I have to assign values to a 3-dimensional array. After some benchmarking, I found that assignment of the value is much slower than computing the value to assign.
Which means
for i in range(n):
for j in range(g):
for k in range(t):
Mu_view[i,j,k] = exp(Xbeta_view[i,j]+Gamma[j,k]) * S[i]
is slower than
for i in range(n):
for j in range(g):
for k in range(t):
exp(Xbeta_view[i,j]+Gamma[j,k]) * S[i]
The benchmark : order of magnitude difference in runtime
# no assignment
25.5 ms ± 260 µs per loop (mean ± std. dev. of 7 runs, 10 loops each)
# with assignment
1.7 s ± 23.7 ms per loop (mean ± std. dev. of 7 runs, 1 loop each)
The full code of the function
@cython.boundscheck(False)
@cython.wraparound(False)
def get_Mu(double[::1,:] N,
double[::1,:] X,
double[::1,:] Beta,
double[::1,:] Gamma,
double[::1] S):
cdef int i, j, k
cdef int n, g, p, t
n, g, p, t = N.shape[0], Beta.shape[0], Beta.shape[1], Gamma.shape[1]
cdef double x
# declare Mu : shape= n * g * t and its memoryview
cdef np.ndarray[double, ndim=3, mode='fortran'] Mu = np.empty(shape=(n,g,t), dtype=DTYPE, order='F')

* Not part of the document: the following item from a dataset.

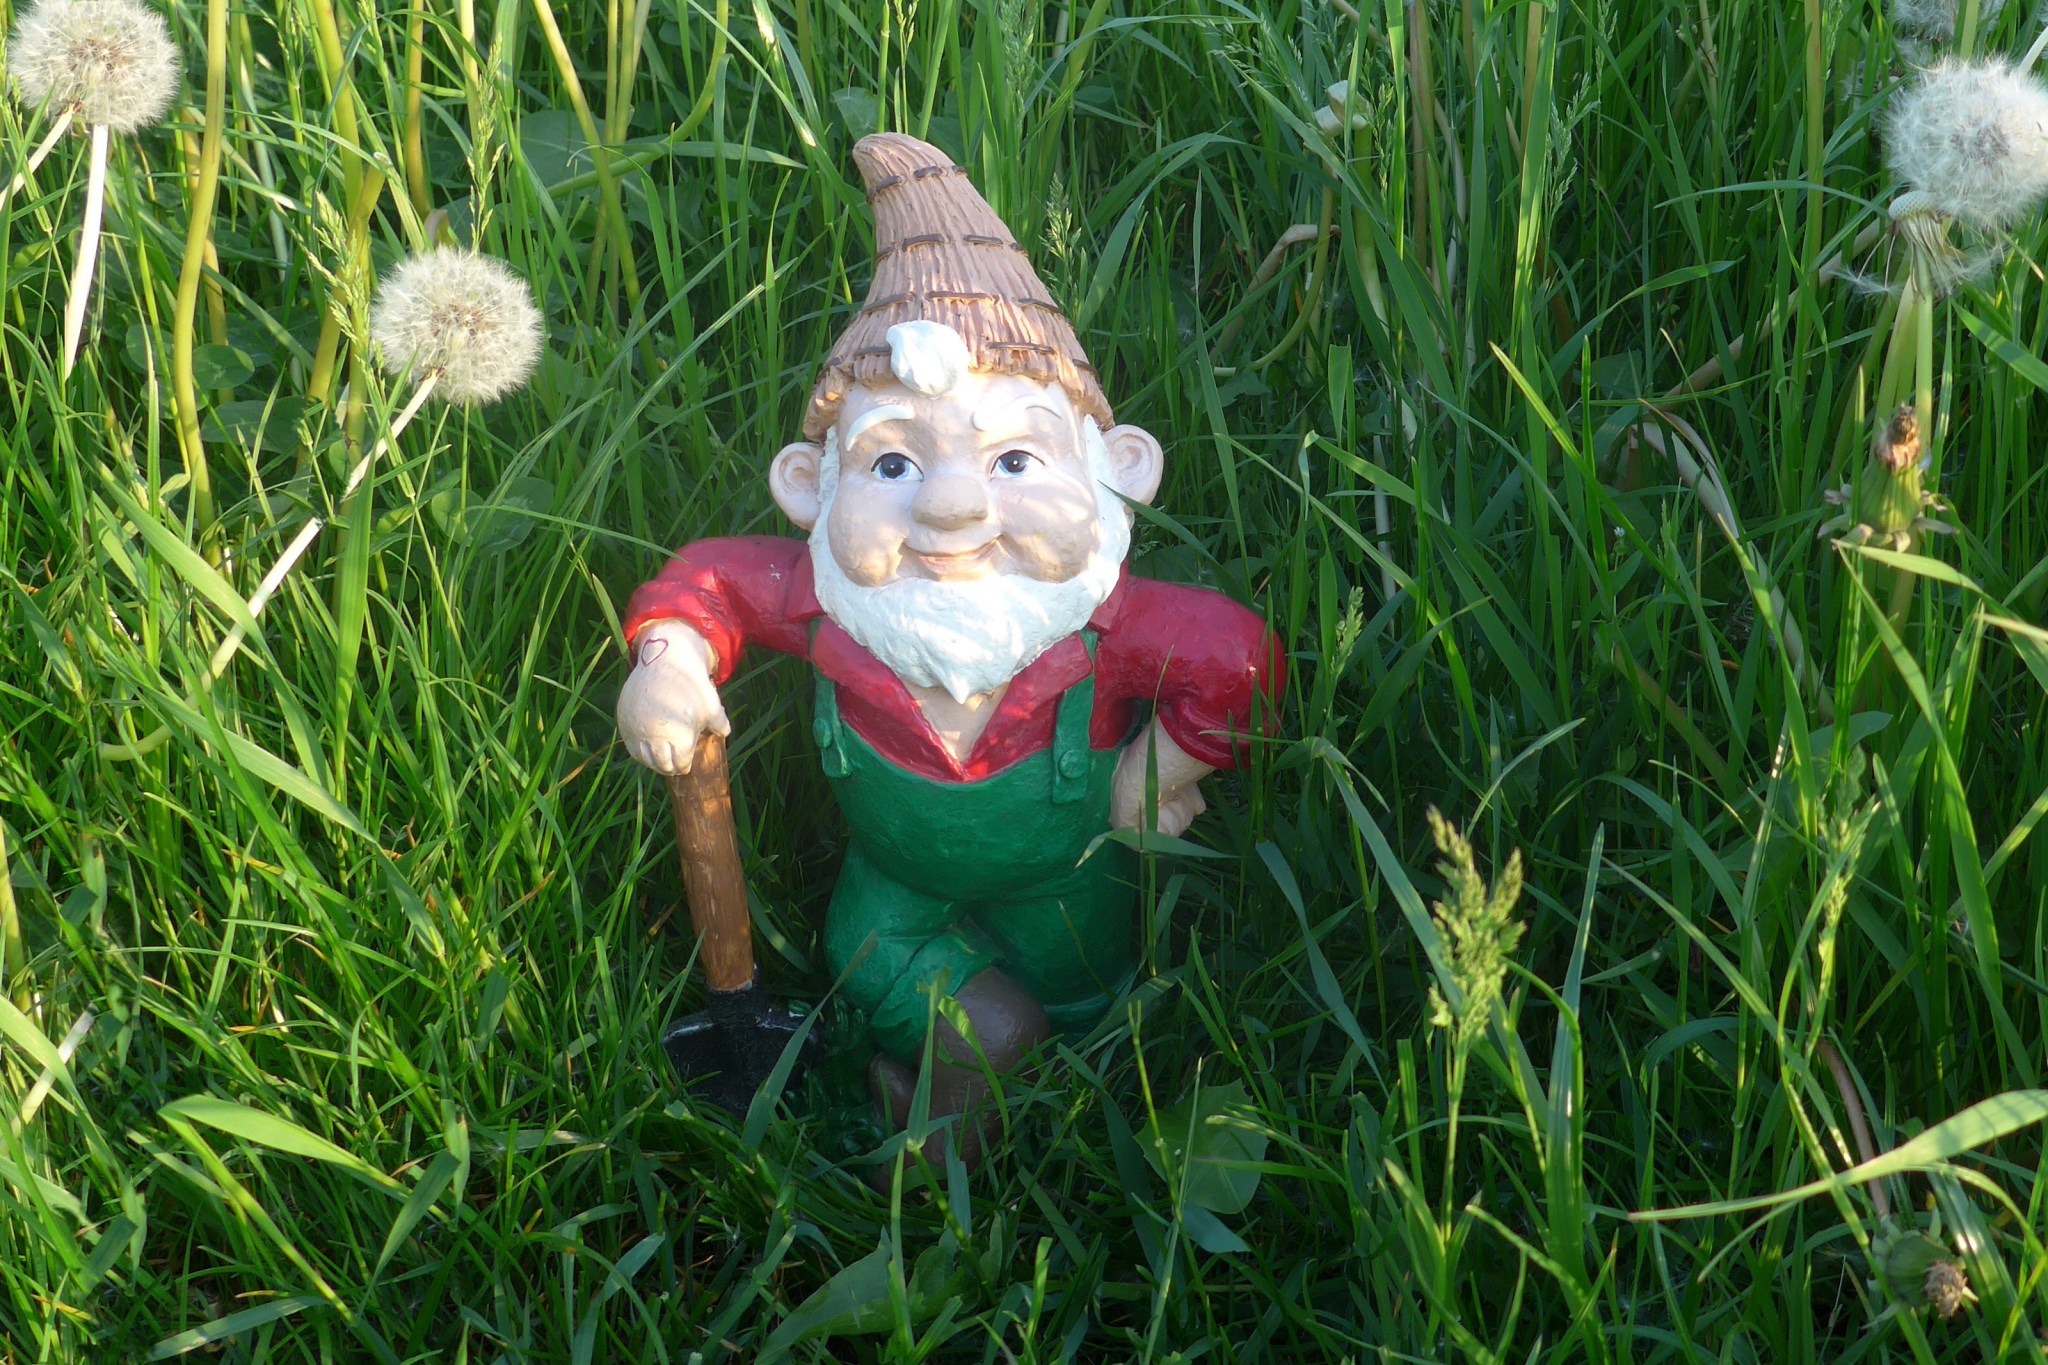 Garden gnome in tall grass

cdef double[::1,:,:] Mu_view = Mu
# obtain XBeta and compute Mu on mem-view
cdef np.ndarray[double, ndim=2] Xbeta = matmul_A_B_t(X, Beta)
cdef double[::1,:] Xbeta_view = Xbeta
for i in range(n):
for j in range(g):
for k in range(t):
Mu_view[i,j,k] = exp(Xbeta_view[i,j]+Gamma[j,k]) * S[i]
return Mu
I think that each time I call Mu_view[i,j,k]
, it is creating a new slice that creates a overhead but I can't come up with a solution.
ADD: Input variables
n, g, p, t = 10000, 500, 10, 20
N = np.ones(shape=(n,g), order='F', dtype=float)
X = np.ones(shape=(n,p), order='F', dtype=float)
Beta = np.ones(shape=(g,p), order='F', dtype=float)
Gamma = np.ones(shape=(g,t), order='F', dtype=float)
S = np.ones(n, dtype=float)